Diving into Subnet 2 has given me a view of the future of Verifiable AI. Reaching 2.2B+ verified proofs on-chain is a milestone.
Subnet 2 is empowering builders to develop trustworthy AI with zero-knowledge-powered verifiable oracles.
#Bittensor#Subnet2#zkML#Verifiable
Diving into Subnet 2 has given me a view of the future of Verifiable AI. Reaching 2.2B+ verified proofs on-chain is a milestone.
Subnet 2 is empowering builders to develop trustworthy AI with zero-knowledge-powered verifiable oracles.
#Bittensor#Subnet2#zkML#Verifiable
A world does not become real because people are told to pay attention.
It becomes real when the structure holds up, the roles make sense, and the mission is clear.
That is what Zeconomy's Phase 1 is there to show.
@purintaxyz As more real-world assets move on-chain, projects like @zeconomy_x are making tokenization feel much more practical. The infrastructure side of DeFi is getting really interesting.
Exploring Subnet 2 made me appreciate where Verifiable AI is heading. 2.2B+ verified proofs on-chain is an incredible milestone.
Subnet 2 is helping builders create trusted AI with zero-knowledge-powered verifiable oracles.
#Bittensor#Subnet2#zkML#VerifiableAI
@inference_labs Pilots prove potential, but production demands accountability. Once AI drives real decisions, trust depends on outputs that are traceable, explainable, and verifiable not just accurate.
Enterprise AI is moving past pilot theater. The harder phase is production, where outputs affect workflows, audits, contracts, and operational decisions.
Sertn is built for that layer: not just running AI, but preserving verifiable records of what happened.
After reading about DSperse, my biggest takeaway is that targeted verification is a practical step toward making zkML scalable.
@inference_labs#VerifiableAI#zkM
After reading about DSperse, my biggest takeaway is that targeted verification is a practical step toward making zkML scalable.
@inference_labs#VerifiableAI#zkM
Instead of proving every computation, DSperse focuses on verifying the parts that matter most reducing costs while maintaining strong guarantees.

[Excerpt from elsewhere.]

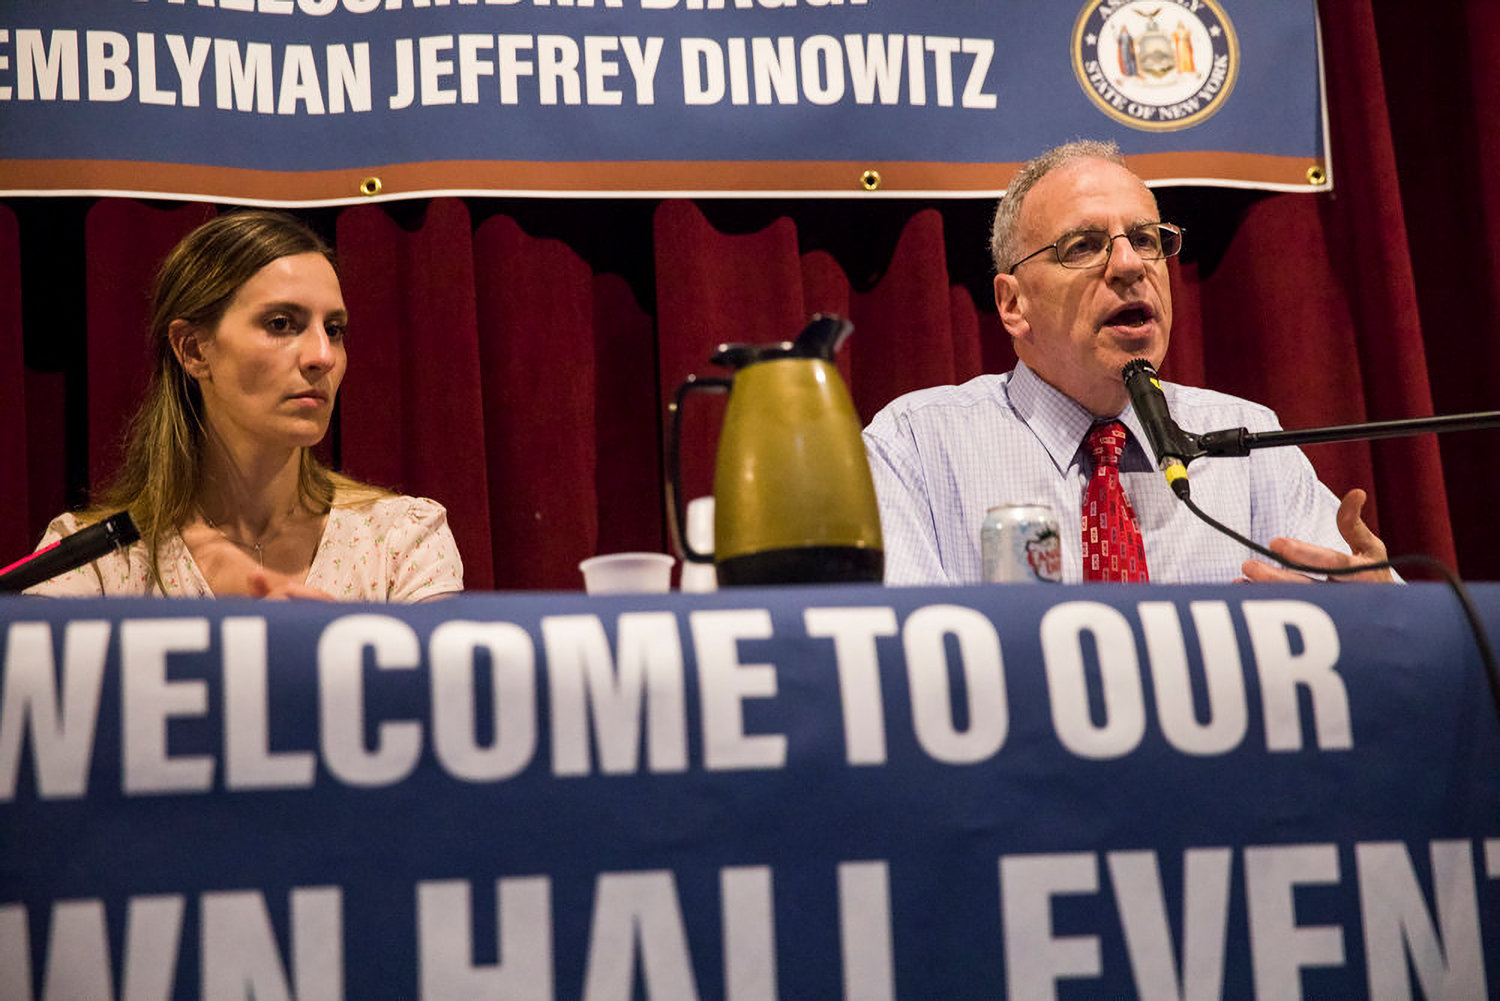 State Sen. Alessandra Biaggi said Assemblyman Jeffrey Dinowitz wouldn’t return her phone call as tried to figure out how to get a rape reform bill — legislation they both sponsored — to pass both chambers in the final days of the legislative session.
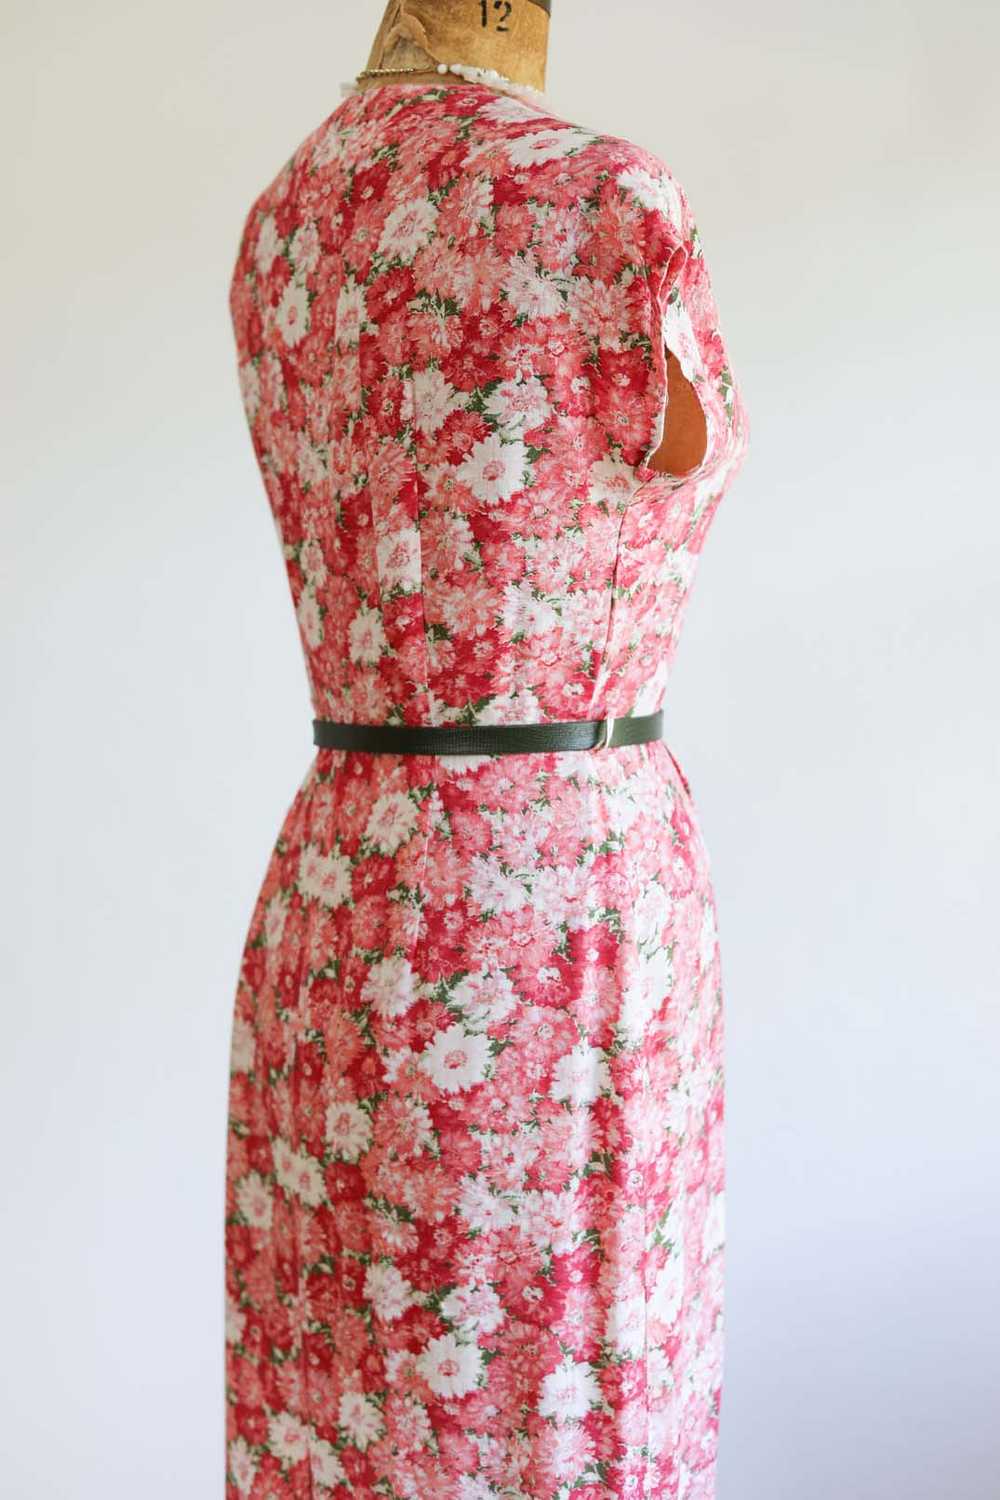 Vintage 1940s to 1950s Dress - STUNNING Gently As… - image 6

That makes verifiable AI much more realistic for real-world deployment.
Cryptography transformed how we verify transactions online. It feels like Verifiable AI could do something similar for AI inference moving us from “I trust the model” to “I can verify the result.” That’s an exciting direction.
Computer vision can identify aircraft, engines, wings, cockpit, and runway markings in a single frame.
The next step is verifiable AI.
Sertn binds every detection to the model, input, output, and a cryptographic proof bringing trust to aviation AI.
Hey @DavidOscar110 and @LIGHTLIGHT44730 , if you’re interested in the future of AI, especially Verifiable AI and zkML, you should check out the new Inference Labs X Community. Great place to learn, connect, and stay updated.
https://t.co/Z3rQKsT7s6
I’ve been exploring the @inference_labs ecosystem through the Zealy campaign and it’s clear the team is thinking deeply about real-world AI verification problems. Targeted verification is a smart direction for scaling zkML efficiently.
This has huge implications for industries where accountability matters.
Civil Aviation:Verify AI-powered inspections and maintenance decisions.
Industrial Manufacturing:Audit automated quality control processes.
The future of AI is both accurate and verifiable. @inference_labs
Deploying AI in industries like aviation, manufacturing, and agriculture isn’t just about accuracy it’s about trust, accountability, and auditability.
Traditional AI often gives predictions, but how do you prove how or why a decision was made? 🧵
So, what are cryptographic proofs?
Think of them as secure mathematical receipts for AI decisions.
They securely connect the model version, acting like an unalterable digital notary. They’re also highly optimized, with proofs typically under 500 KB.